On 15-May-2015 02:25 am, Benedikt Stockebrand <[email protected]> wrote:
> 
> Hi folks,
> 
> this is admittedly a pet peeve of mine, so apologies right in advance
> to anybody getting offended by this, but I'd like to rephrase 
> 
> "Marc Blanchet" <[email protected]> writes:
> 
>> I think the technology (v6only-nat64-dns64) is mature enough.
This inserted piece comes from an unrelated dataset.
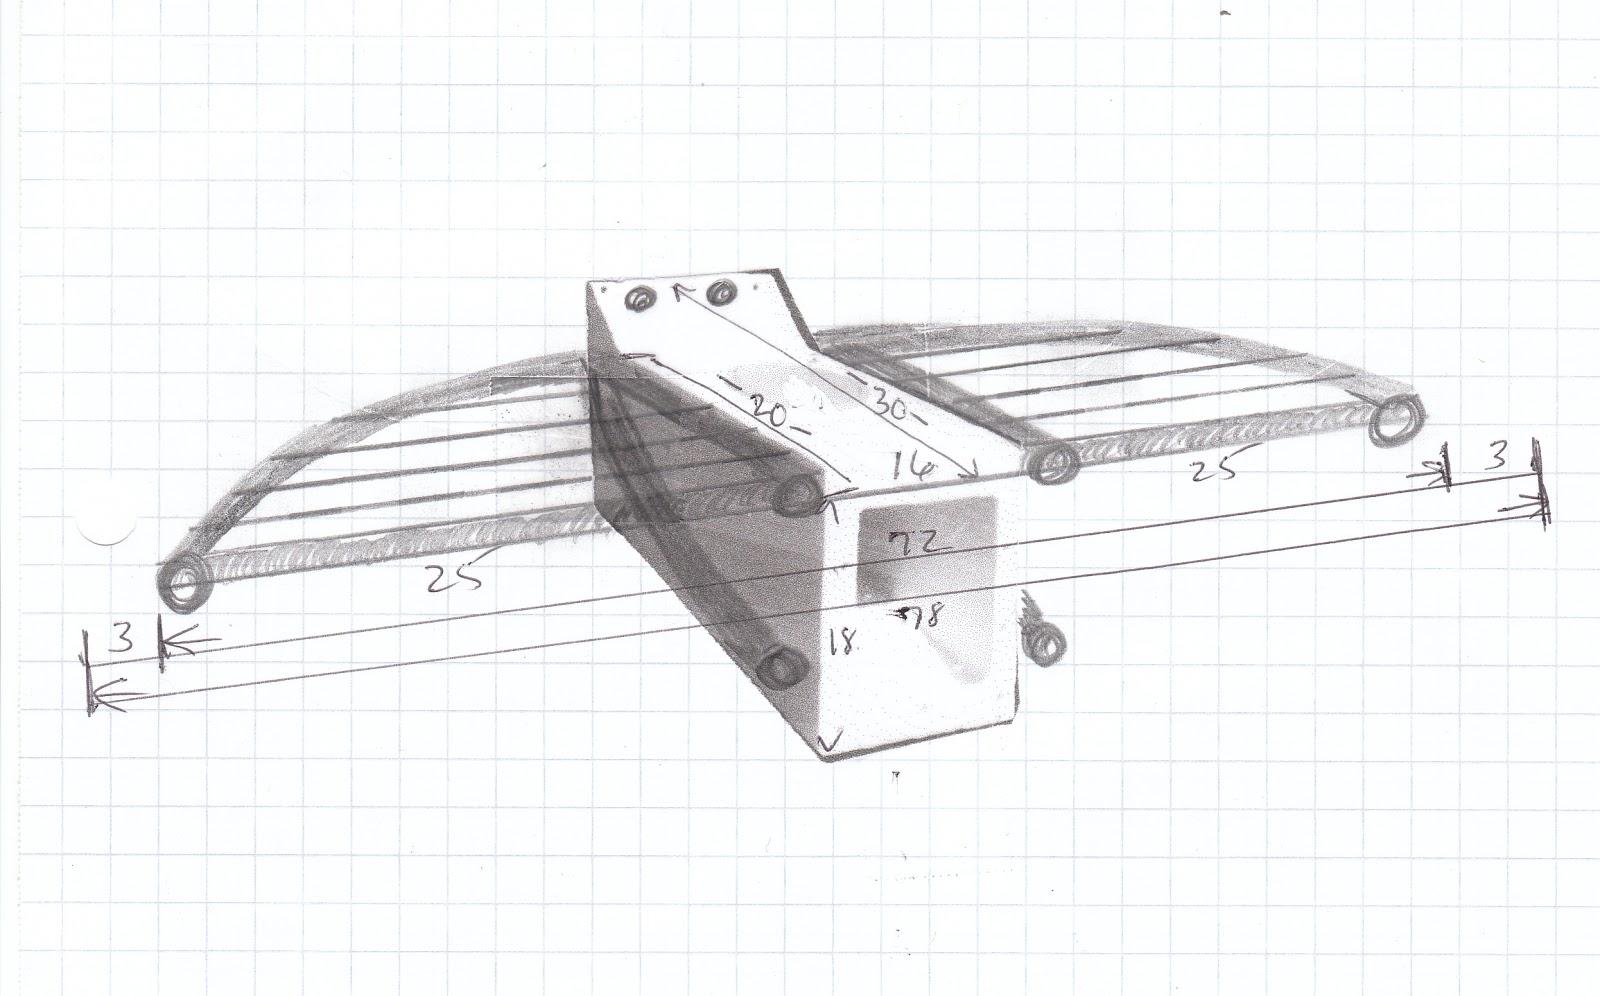 Engine Bracket And Swim Platform Final Design
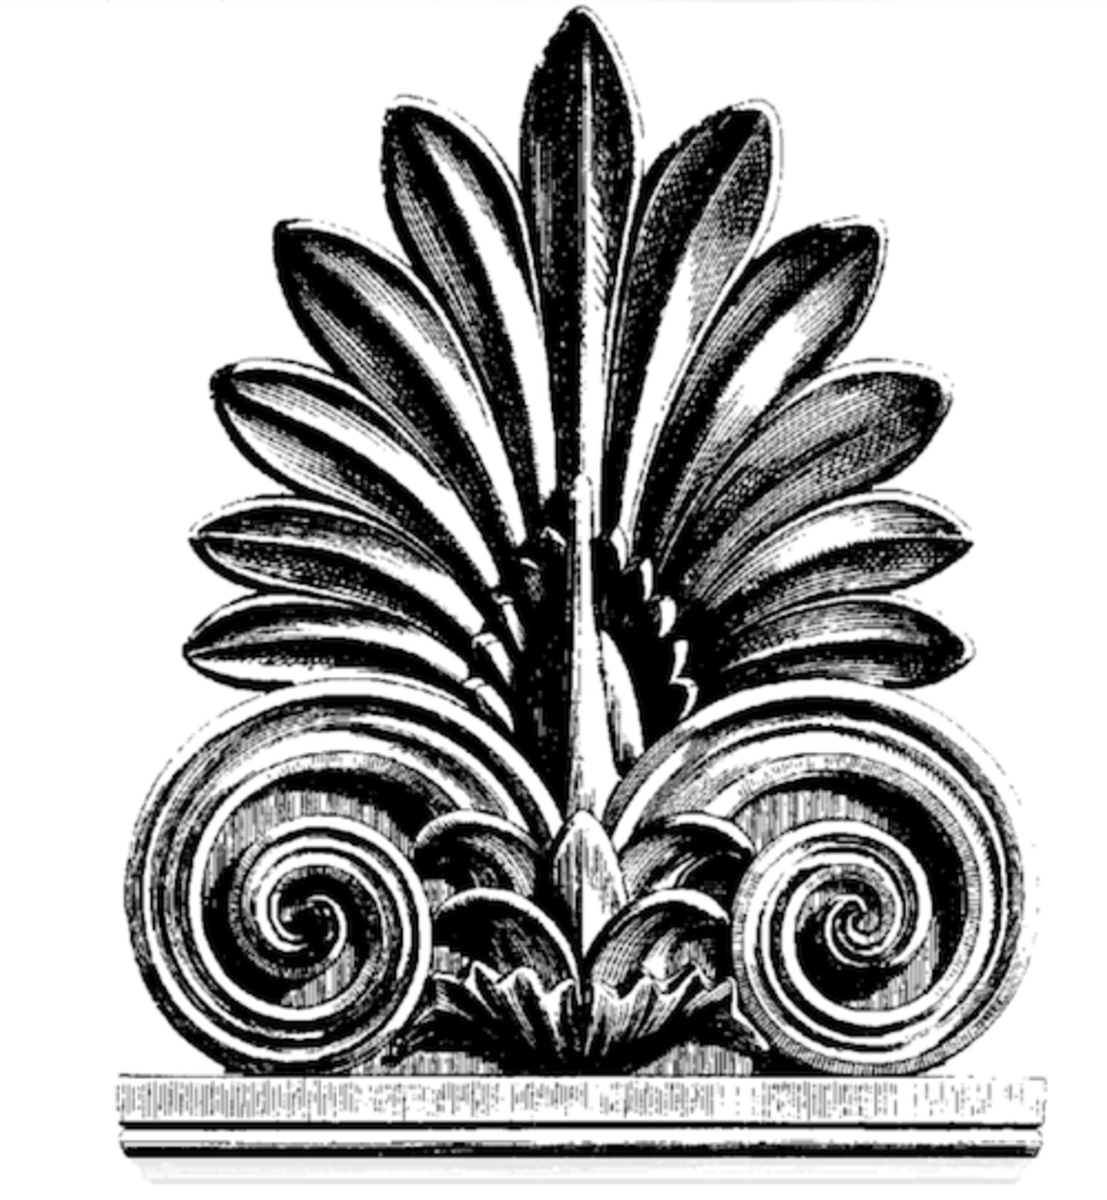 Palladio Award, Traditional Building

The
>> problem is that various applications and services are not compatible
>> with it (usually IPv4 addresses negotiated in the payload)
> 
> as this: 
> 
>    I think the technology (v6only-nat64-dns64) is inherently broken by
>    design.  By design it doesn't support a range of important and
>    widely used existing applications and services that it should be
>    compatible with to be considered "working".
> 
> With NAT, NAT64 or whatever other application unaware translation hack
> being around, a lot of extra complexity is pushed towards the
> application layer.  NAT* doesn't solve any problems, it just puts the
> burden on others who is unlikely in a situation to defend themselves
> (the app. developers) ; the overall effect is counterproductive.
> 
> Aside from that, once we talk not full-blown computers but embedded
> devices, adding support for NAT penetration (STUN or whatever) is a
> major problem.  The original Arduino uses a microcontroller with 32KB
> of flash (for program code) and 2KB of RAM, and that's already a fairly
> big one.  Adding STUN support there is a serious problem.
> 
> 
> Again, this isn't meant as a flame or anything, but to show that
> these technologies have serious implications for others.

To avoid some of that, they can go IPv6-only, including their servers and all 
peers they communicate with, then there doesn't need to be NAT64 for their 
traffic.  But even IPv6-only they will need firewall traversal support, as 
firewalls by default will block unsolicited incoming traffic (RFC6092).